/---

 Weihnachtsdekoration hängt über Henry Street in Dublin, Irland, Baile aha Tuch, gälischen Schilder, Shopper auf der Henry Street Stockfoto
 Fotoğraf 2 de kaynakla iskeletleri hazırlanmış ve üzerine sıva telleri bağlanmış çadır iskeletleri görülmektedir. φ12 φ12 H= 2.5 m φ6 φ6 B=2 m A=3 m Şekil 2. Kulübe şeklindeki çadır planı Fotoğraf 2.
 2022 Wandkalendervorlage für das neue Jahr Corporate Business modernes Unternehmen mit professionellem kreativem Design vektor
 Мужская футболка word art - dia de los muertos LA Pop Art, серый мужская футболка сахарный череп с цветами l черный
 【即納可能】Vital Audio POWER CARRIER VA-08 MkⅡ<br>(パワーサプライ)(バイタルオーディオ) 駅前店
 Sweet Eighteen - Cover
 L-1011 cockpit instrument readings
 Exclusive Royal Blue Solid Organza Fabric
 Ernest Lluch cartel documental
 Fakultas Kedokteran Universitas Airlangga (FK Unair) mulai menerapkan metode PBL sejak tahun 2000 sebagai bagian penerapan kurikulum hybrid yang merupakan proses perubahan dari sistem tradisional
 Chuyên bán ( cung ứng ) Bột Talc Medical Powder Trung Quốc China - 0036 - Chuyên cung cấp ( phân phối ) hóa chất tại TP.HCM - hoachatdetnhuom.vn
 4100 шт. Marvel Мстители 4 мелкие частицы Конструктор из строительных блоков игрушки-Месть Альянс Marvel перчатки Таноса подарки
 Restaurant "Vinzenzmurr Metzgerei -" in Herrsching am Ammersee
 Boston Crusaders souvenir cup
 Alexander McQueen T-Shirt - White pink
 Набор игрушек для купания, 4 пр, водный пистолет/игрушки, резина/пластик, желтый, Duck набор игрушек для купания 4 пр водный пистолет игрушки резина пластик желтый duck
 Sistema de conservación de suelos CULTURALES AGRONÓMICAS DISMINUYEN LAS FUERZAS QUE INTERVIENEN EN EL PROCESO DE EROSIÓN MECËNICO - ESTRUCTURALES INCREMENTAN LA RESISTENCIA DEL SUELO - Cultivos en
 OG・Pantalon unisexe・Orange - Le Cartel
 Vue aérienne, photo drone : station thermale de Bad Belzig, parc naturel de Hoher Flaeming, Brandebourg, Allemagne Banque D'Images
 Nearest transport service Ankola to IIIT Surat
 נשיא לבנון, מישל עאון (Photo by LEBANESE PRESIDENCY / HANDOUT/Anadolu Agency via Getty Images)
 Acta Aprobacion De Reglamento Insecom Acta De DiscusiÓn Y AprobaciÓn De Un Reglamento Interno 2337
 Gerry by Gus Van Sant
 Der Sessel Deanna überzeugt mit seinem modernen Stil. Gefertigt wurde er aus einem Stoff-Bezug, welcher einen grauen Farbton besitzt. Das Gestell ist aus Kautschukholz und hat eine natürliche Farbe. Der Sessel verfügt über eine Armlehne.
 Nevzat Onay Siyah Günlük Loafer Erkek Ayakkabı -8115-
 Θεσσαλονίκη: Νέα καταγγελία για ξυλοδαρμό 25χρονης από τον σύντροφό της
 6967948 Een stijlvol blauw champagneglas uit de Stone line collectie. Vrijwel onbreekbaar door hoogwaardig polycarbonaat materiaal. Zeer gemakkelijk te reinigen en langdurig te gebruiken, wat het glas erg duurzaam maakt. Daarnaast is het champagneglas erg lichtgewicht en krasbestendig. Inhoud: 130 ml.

\---

• BRIEF
Where does the word "игрушки" appear in the records above? Return every line that holds it.

• RESULT
 4100 шт. Marvel Мстители 4 мелкие частицы Конструктор из строительных блоков игрушки-Месть Альянс Marvel перчатки Таноса подарки
 Набор игрушек для купания, 4 пр, водный пистолет/игрушки, резина/пластик, желтый, Duck набор игрушек для купания 4 пр водный пистолет игрушки резина пластик желтый duck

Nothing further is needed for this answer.